National quality improvement intervention to reduce high risk oral methotrexate prescribing

Abstract

Background: Harmful or fatal errors related to accidental overdose of methotrexate tablets are well documented. In England, the coprescription of 2.5 mg and 10 mg methotrexate tablets is not recommended, because both tablets look similar, and may be confused with each other, leading to a potential overdose of methotrexate. It is recommended that one tablet strength (usually 2.5 mg) is prescribed and dispensed. A recent retrospective cohort study identified that while 97% of patients in England were prescribed only 2.5 mg methotrexate tablets, the prescribing of 10 mg tablets or combinations of 2.5 mg and 10 mg tablets was still common practice in a small number of geographical areas across the country.
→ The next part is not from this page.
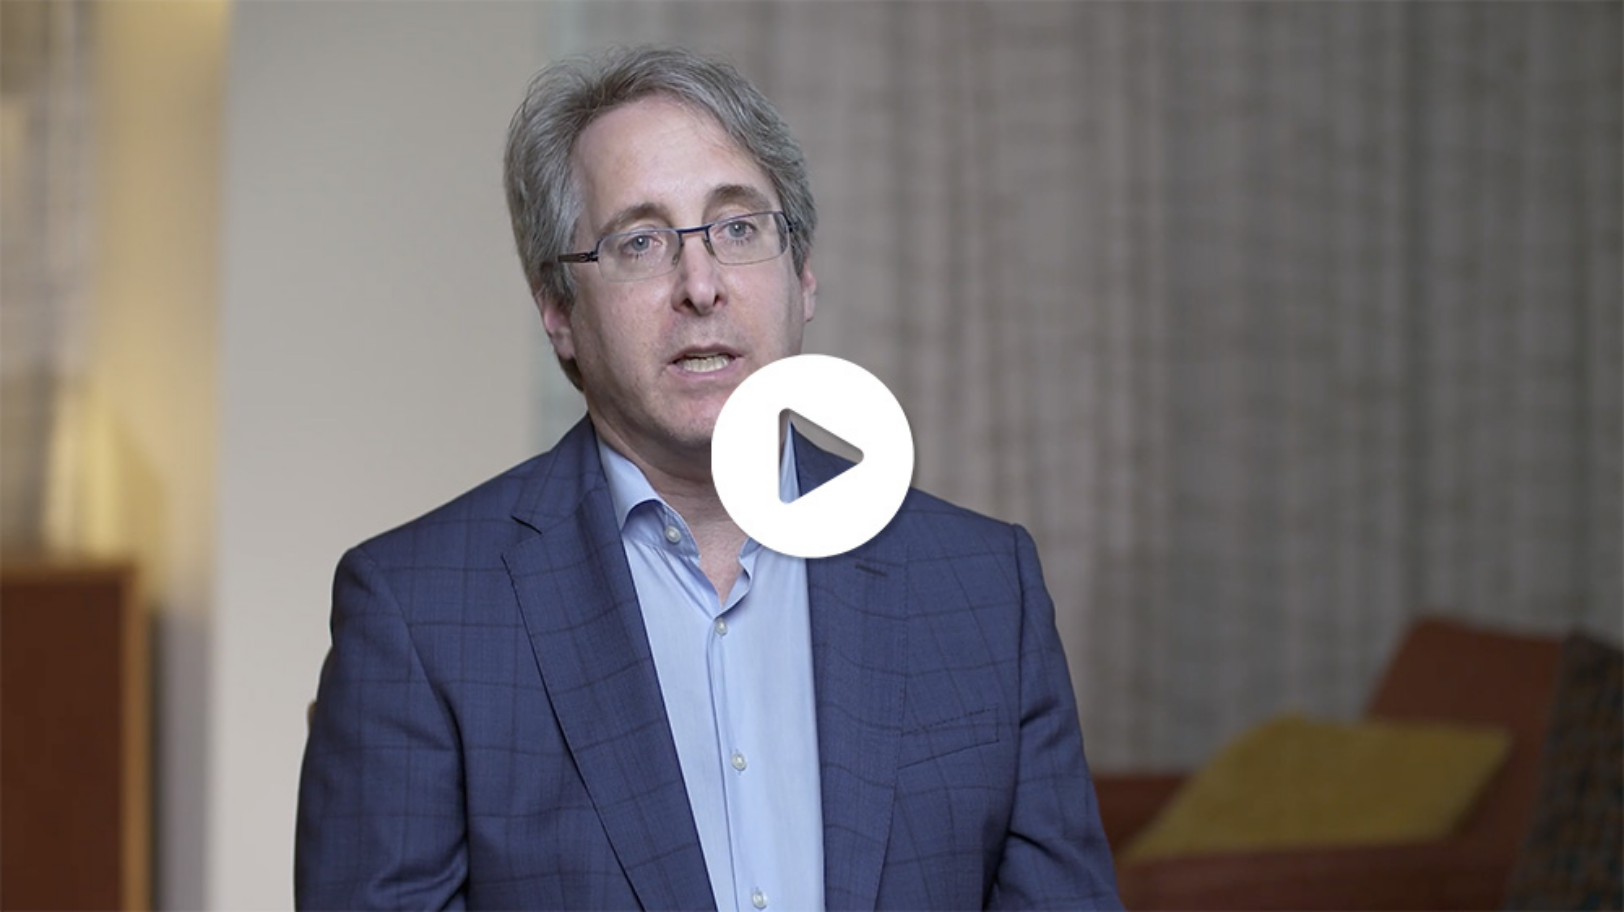 Video of Steven Wolf, MD, discussing profound seizure reduction and clinical study results on Dravet syndrome and FINTEPLA

Aim and methodology: To reduce national variation in the prescription of oral methotrexate 10 mg tablets, for non-cancer treatment, by November 2021. A focused, five-stage quality improvement (QI) intervention was used, providing centralised support to a cohort of high prescribing integrated care systems (ICSs) in England.

Findings: 23% (10) of ICSs in England were responsible for 76% of prescribing of methotrexate 10 mg tablets. Eight of these high prescribing ICSs participated in the QI intervention between March and November 2021. During the action period, the high prescribing cohort saw a 54% reduction in the prescribing of methotrexate 10 mg tablets, with seven ICSs seeing reductions of between 41% and 75%, resulting in reduced variation between the high prescribing ICSs and all other ICSs. The intervention was well received by ICSs with all making structural changes to their respective systems so that improvement would be sustained.

Conclusions: The success of this project raises several exciting opportunities for further work of this nature, particularly where this is significant variation in practice across the country.

Keywords: Medication safety; Patient safety; Quality improvement.